He felt himself flare up, the rage and fear when he’d discovered what Orion was truly doing in the Hunt, the way he was grooming Artemis, intent on taking away her maidenhood, of everything that made her the independent goddess she wished to be, writhing around within his essence.
“She didn’t listen to me,” he admitted, and the pain of that stung, too. In the millennia since, they had talked about it, and Artemis had realised how ensnared, how blindfolded, she’d been, but at the time…
At the time, it had been the first true division between the two of them, a rift that for several centuries, Apollo had feared would never mend.
That was the first time he’d truly realised that he’d do anything to protect Artemis. No matter what.
He still wasn’t certain if she’d realised that.
“I cursed Orion,” he continued, skipping over the years of arguments, of fighting, of fearing he was going to lose his twin, either physically or emotionally (or even both) because that was still raw, too raw to talk about. “I couldn’t kill him, but I could drive him mad.” Dionysus had helped, a secret between the two of them. Not even Artemis knew he’d been forced to enlist the help of another god – Orion had always needed two gods to oppose him, after all. “In the end, the Earth killed him.”
In terms of storytelling, it was probably the worst thing he’d ever told. Too staccato, to abrupt, with no pacing and absolutely no embellishment at all. Were the topic anything else, Apollo would have felt embarrassed to have even considering voicing something like that.
But it was Orion, and Orion didn’t deserve a proper story. Nor did Apollo care enough to give him one. Not after everything he’d done and almost done to those he loved.
“He was the first giant to come back,” he said after a moment. “He hunted the Hunt for centuries; more of my sister’s Hunters have fallen to him than any other cause, but he never showed himself when Artemis or I were nearby.”
“I recall the deaths,” Hades told him, his voice quiet. “He hunted Nico and his travelling companions in the recent war.”

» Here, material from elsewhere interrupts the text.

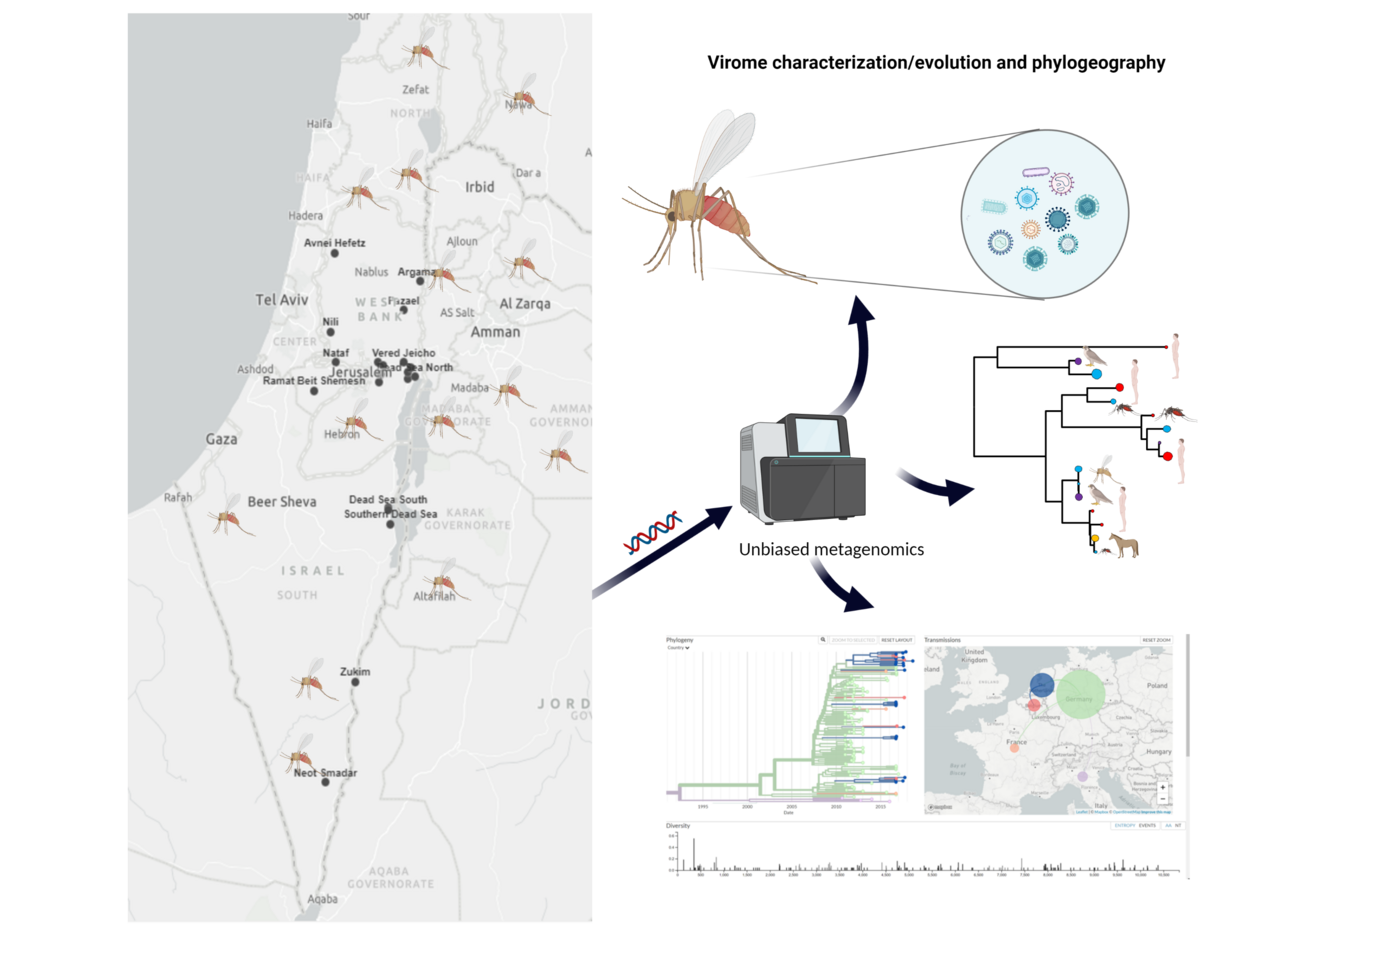 Eine Karte von Irsrael auf der linken Seite in die Mücken eingezeichnet wurden. Auf der rechten Seite ist eine beispielhafte Auswertung der Mücken DNA zu sehen, die zu unterschiedlichen beispielhaften Auswertungen führt.

Apollo remembered that. “That day was a slaughter,” he said, fury and grief welling up. “We- She lost so many Hunters that day.”
Hades looked at him sharply. “We?”
He’d hoped that slip of the tongue would have gone unnoticed, but the black flames boring into him told him otherwise. It wasn’t like it was a secret, that some of Apollo’s daughters joined the Hunt the same as any other demigods, but voicing it out loud still felt dangerous.

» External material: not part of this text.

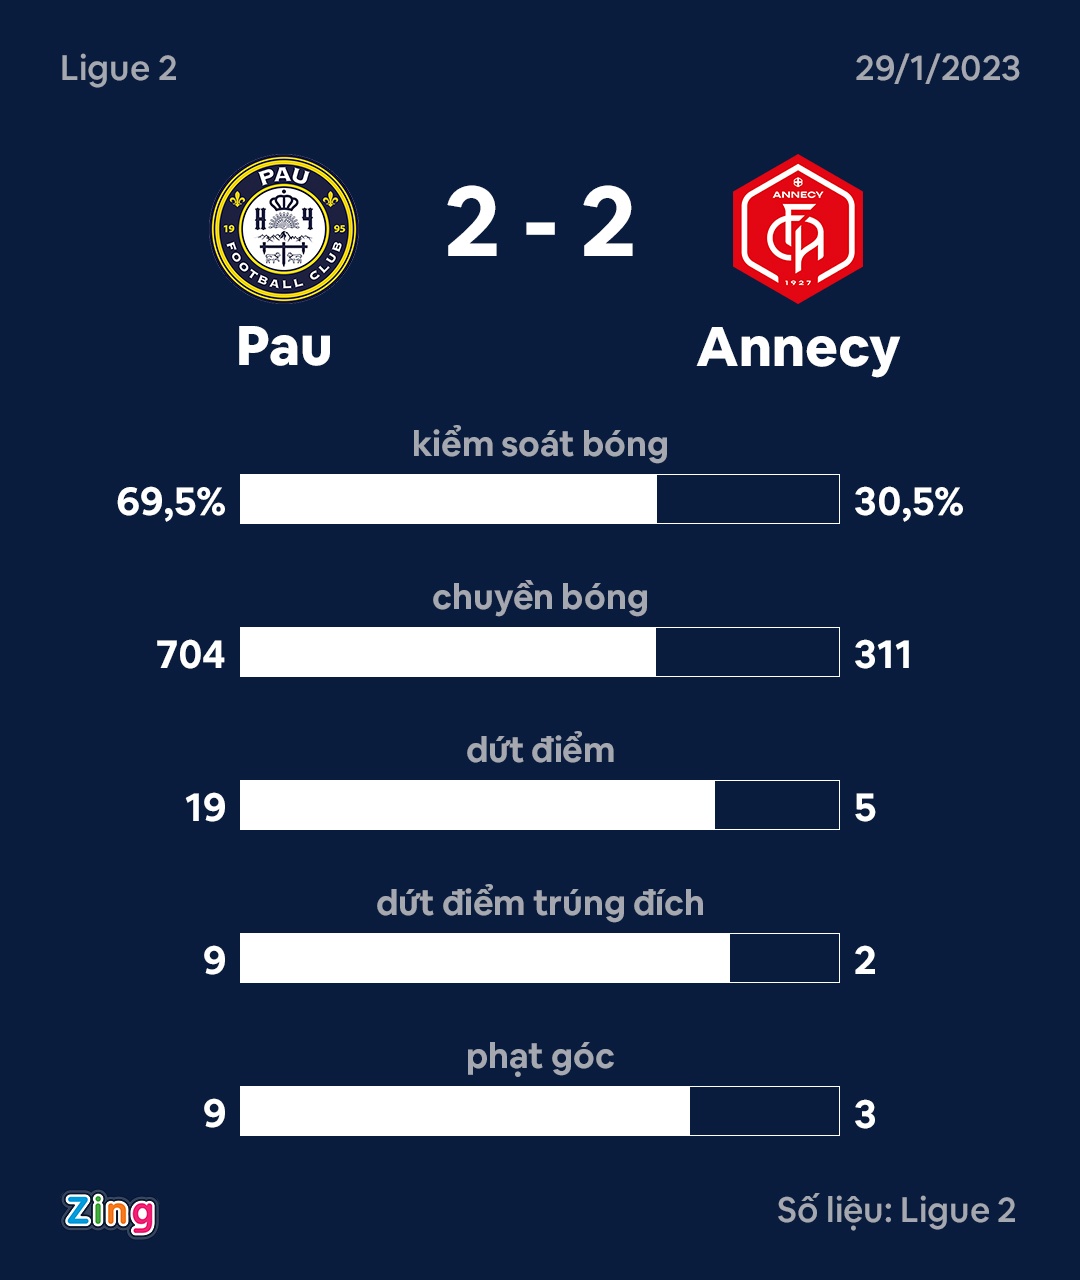 Pau thua Annecy anh 3

“One of your daughters entered Elysium that day,” Hades said after a moment, clearly realising that Apollo wasn’t going to say it.
Apollo hadn’t realised his uncle knew the parentages of the dead, let alone that he could keep track of where they had all ended up – there were so, so many of them, from across the millennia. Even Apollo, despite his perfect memory, couldn’t fathom remembering every single one.
“Phoebe served Artemis for four thousand years,” he said, because talking about his dead children hurt but they always deserved to be remembered, and as time passed and the mortals that knew them passed, all too often he became the only one who cared to remember them. Artemis would remember Phoebe, too, as would the surviving Hunters, but that still didn’t diminish his desire to remember her. “She joined before Orion.”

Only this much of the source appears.